[The data]

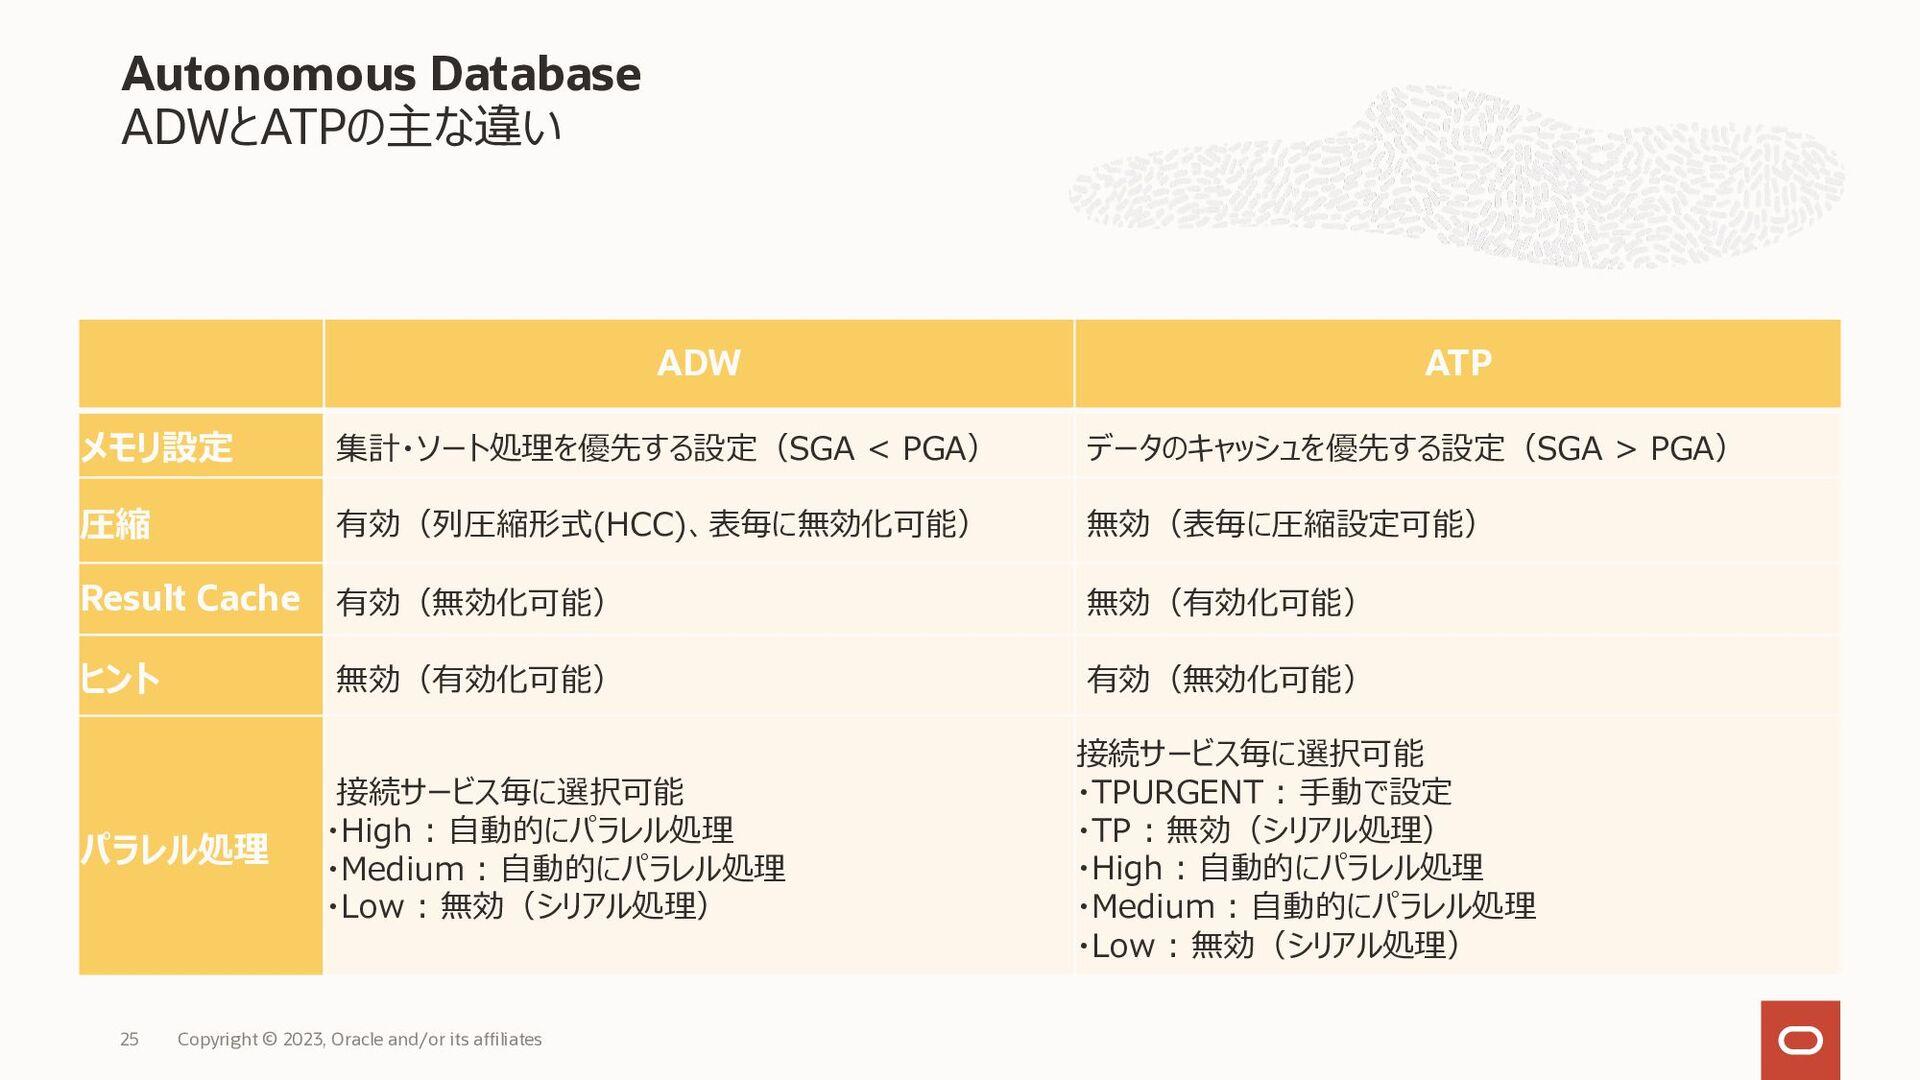 Always Free 無料、期限なしでAutonomous Databaseが利用可能に C...
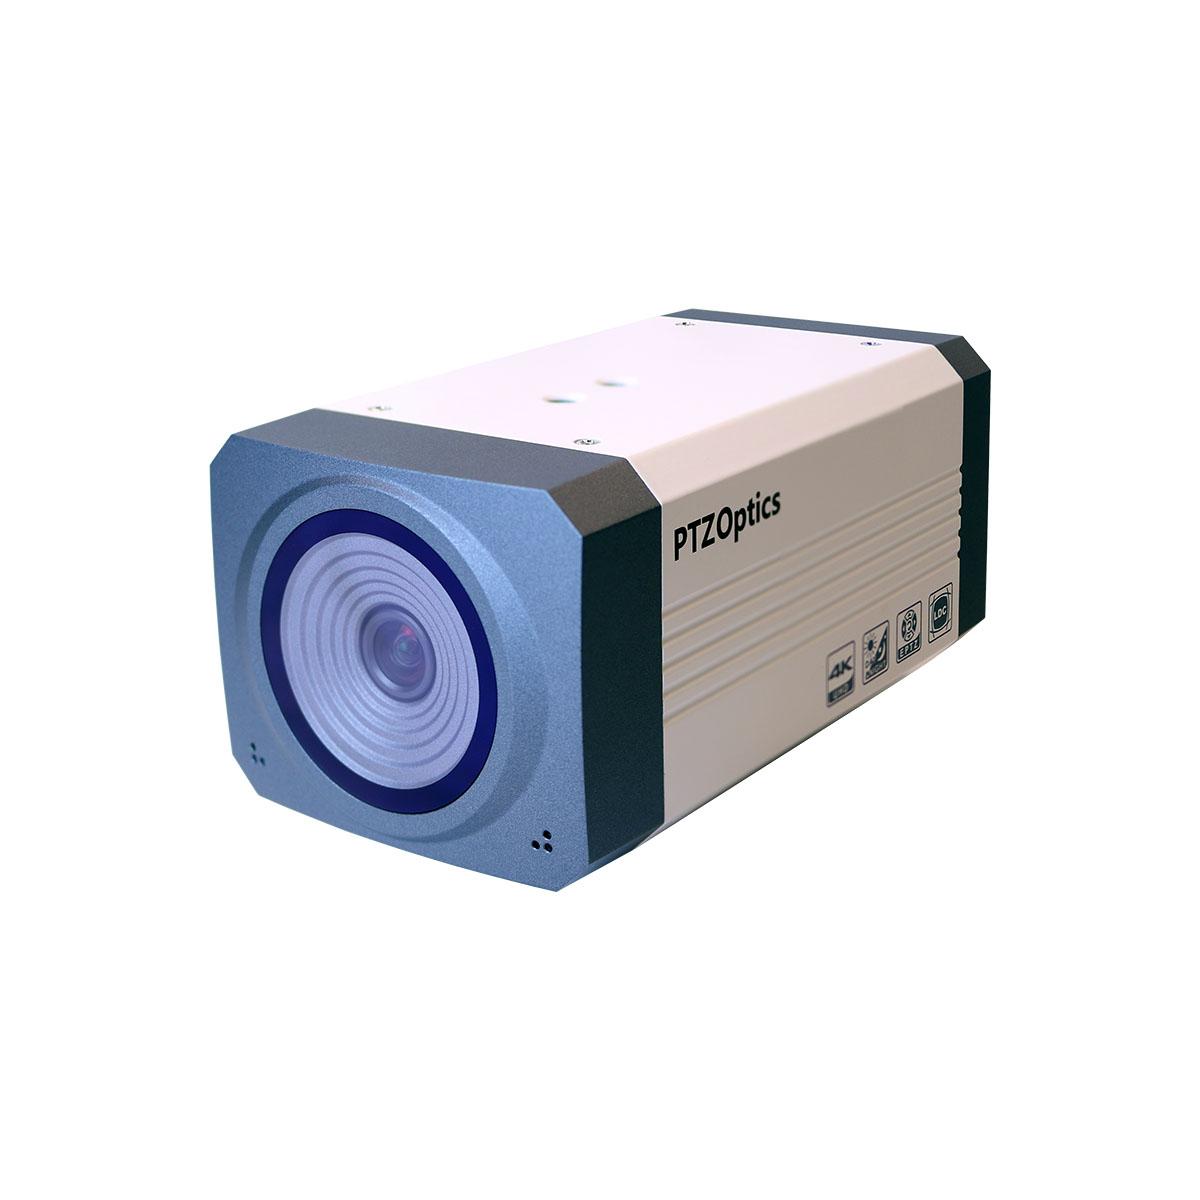 ePTZ Video Cameras
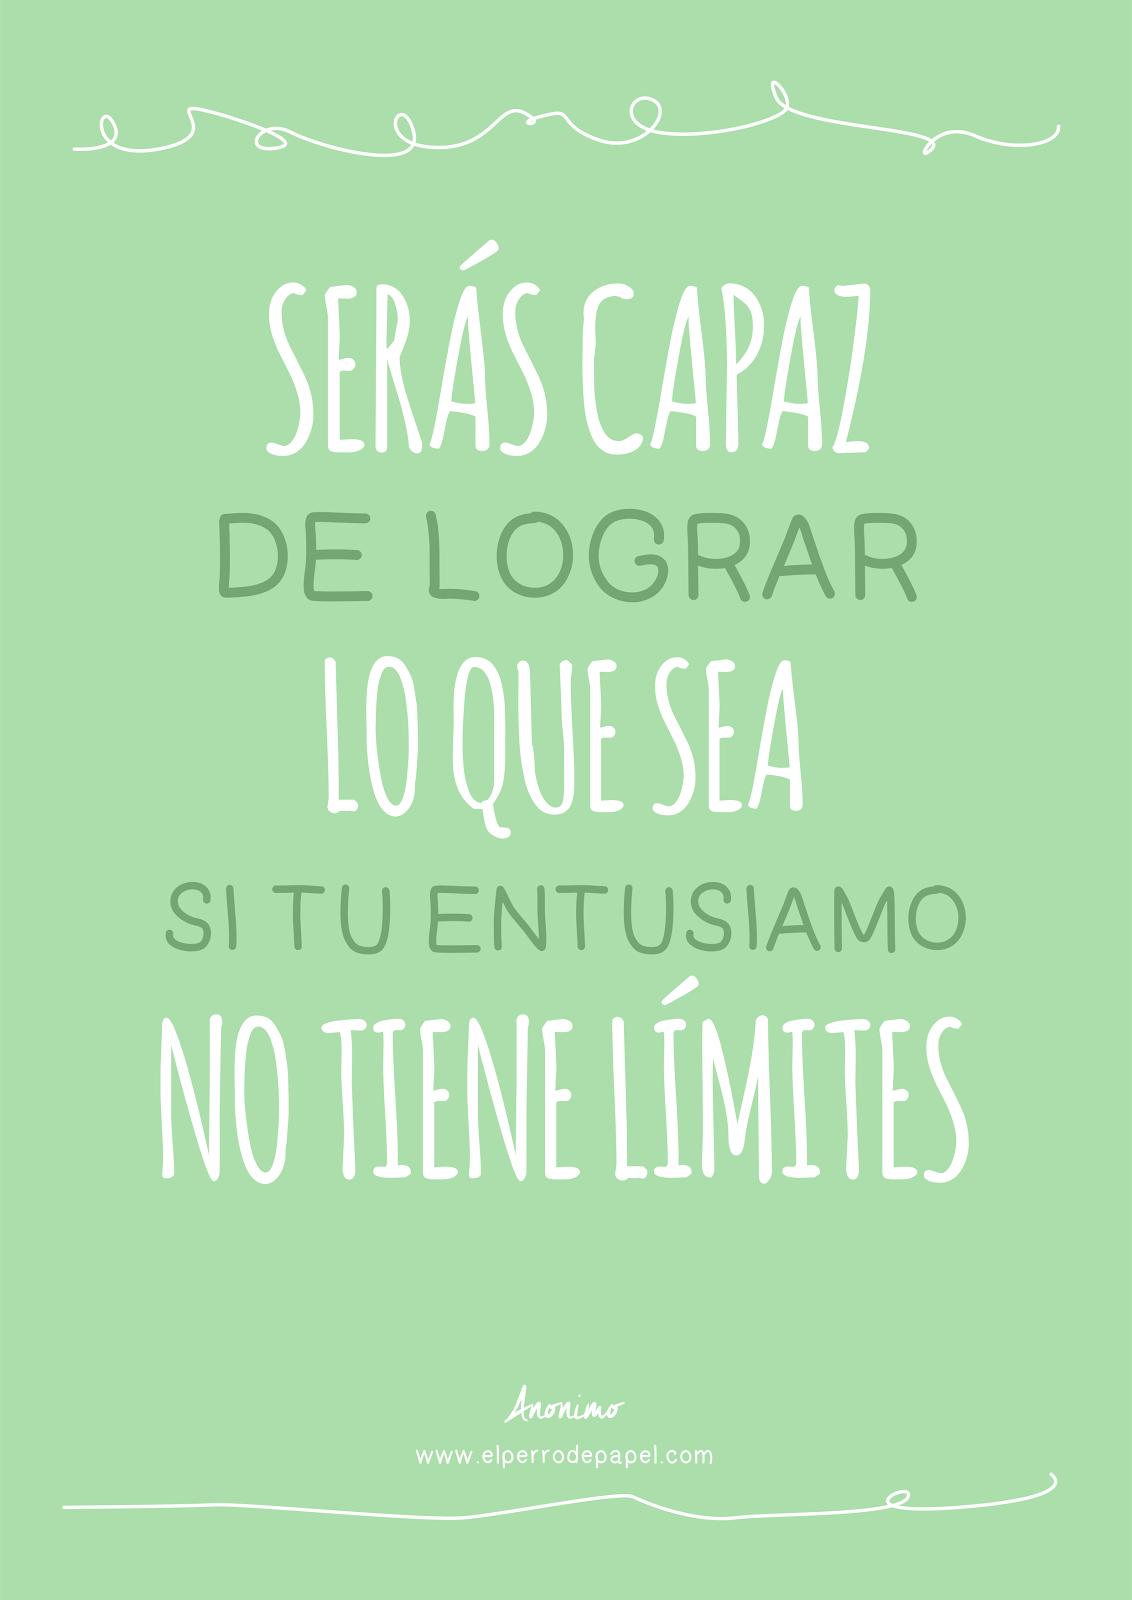 Cor de Drap Laminas motivadoras
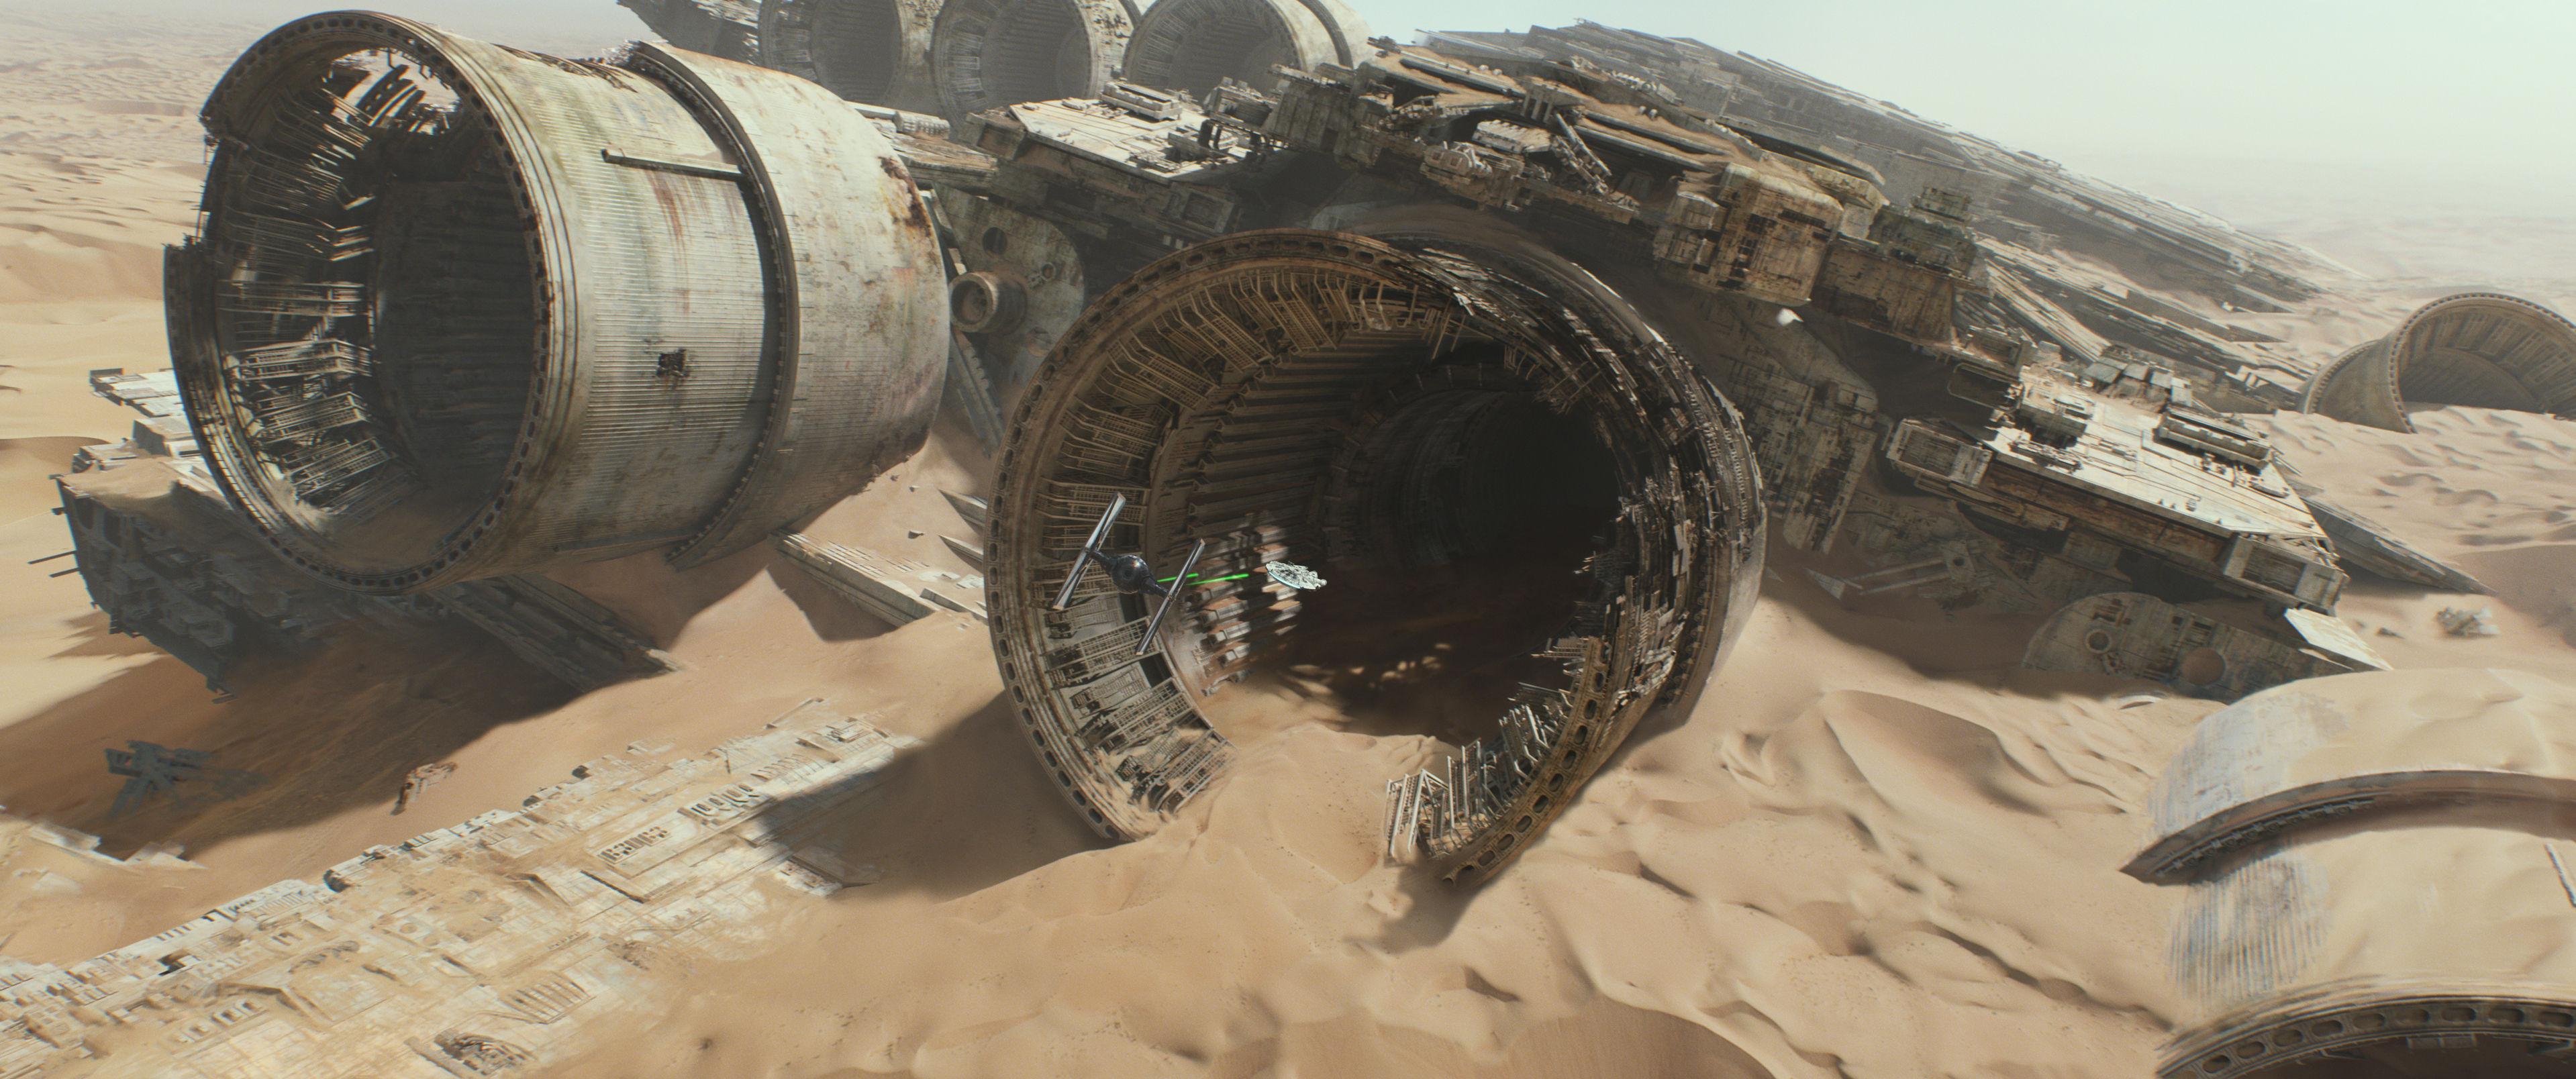 Star-Wars-7-Das-Erwachen-der-Macht-3D-Milleniumfalcon-trailer-cap

[/The data]

** What to produce **
The listing above is to be retyped exactly, with all pictures left out.

** Expected answer **
 Always Free 無料、期限なしでAutonomous Databaseが利用可能に C...
 ePTZ Video Cameras
 Cor de Drap Laminas motivadoras
 Star-Wars-7-Das-Erwachen-der-Macht-3D-Milleniumfalcon-trailer-cap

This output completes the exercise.